Most are gels or creams inserted into the vagina of an HIV-negative woman. They alter the acidic level in the vagina, creating a hostile environment for viruses, but second-generation microbicides contain drugs that block or kill HIV.

To coincide with Monday's announcement, the British scientific journal Nature released early a study of two of the entry inhibitors showing that they protected macaques from an HIV-like virus up to six hours before sexual intercourse.

Cornell University researcher Dr. John Moore, the lead investigator of the study, noted that much smaller amounts of the drug are provided vaginally as a microbicide than are needed if the same medication is taken orally to treat an infection. Researchers will be monitoring microbicide users for signs that drug-resistant viruses are infecting them, but Moore said drug resistance was much less of a problem when a medicine was used topically to prevent an infection.

Another strategy to boost the effectiveness of medicinal microbicides will be to use them in combination. Dr. Mark Mitchnick, medical director of the International Partnership for Microbicides, said the first microbicide to be tested with these candidate drugs "will be a combination product" using two of the entry inhibitors or one of them in combination with other medicines being explored for microbicide use.

Tenofovir, an AIDS drug sold by Gilead Sciences of Foster City, is already being tested as a microbicide in both India and the United States. The International Partnership for Microbicides is also testing an experimental drug by Johnson & Johnson subsidiary Tibotec.

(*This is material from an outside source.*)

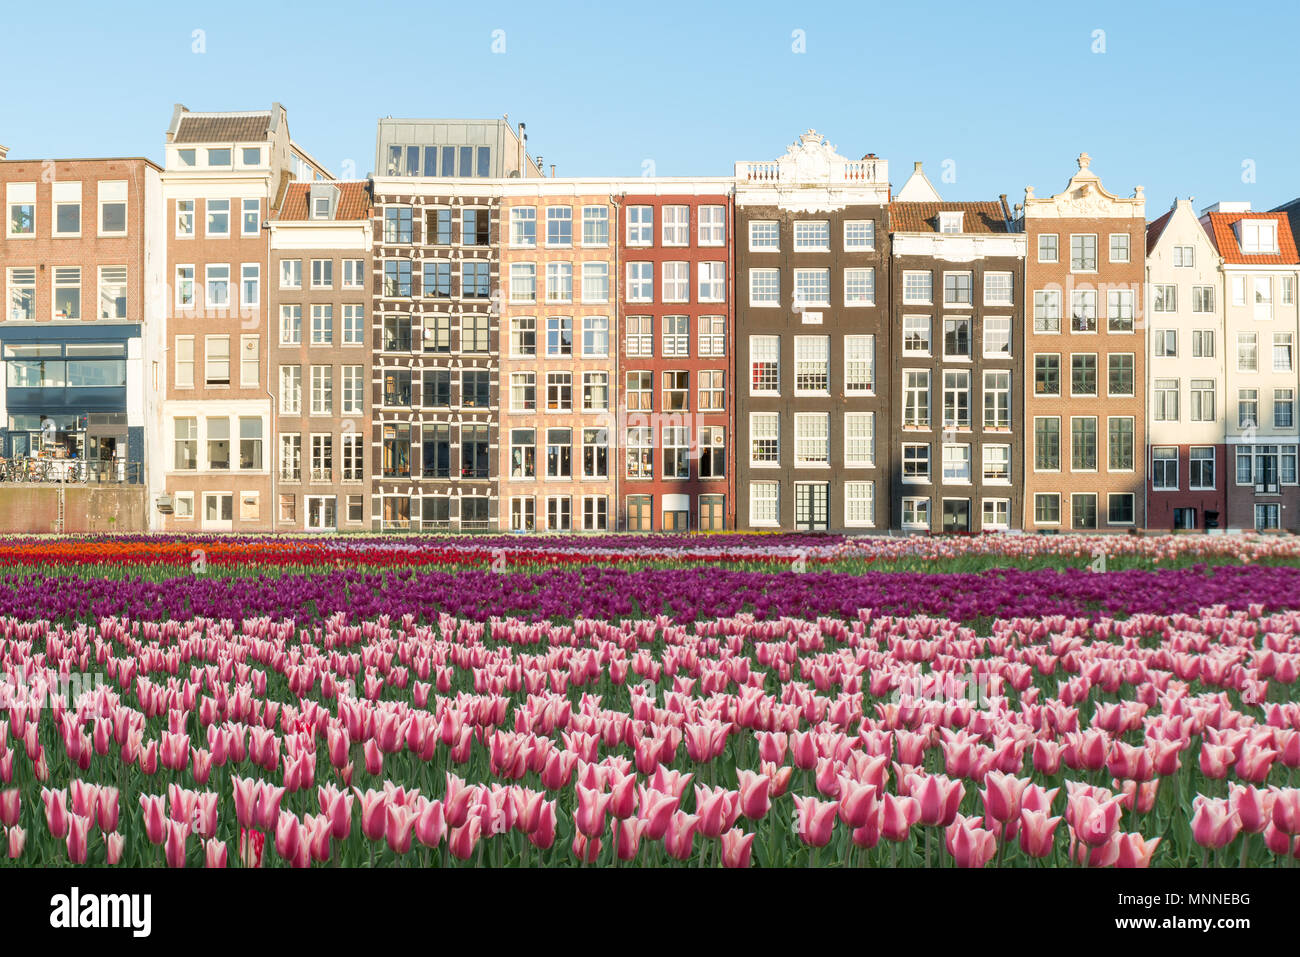 Niederlande Tulpen und Fassaden der alten Häuser in Amsterdam, Niederlande. Holländische Häuser mit frischen Tulpen Blumen. Stockfoto

The Tibotec, Merck and Bristol-Myers Squibb drugs under consideration as microbicides are likely to be slightly different from the medicines under development that will eventually be sold as pills. To work as an oral drug, the chemical compounds must be readily absorbed from the digestive tract into the bloodstream -- a feature not needed in a microbicide. These early versions of the drugs may be modified to make them more suitable for pills, but could be kept in their original form as viable options for microbicides. In a sense, these laboratory castoffs may find a more useful role in preventing AIDS, rather than treating it.

Bristol-Myers Squibb and Merck have agreed to royalty-free licensures of their drugs to the International Partnership for Microbicides, which will use its own money to pay for the research. Its financial backers include the Bill & Melinda Gates Foundation, the Rockefeller Foundation, the U.S. Agency for International Development and the World Bank.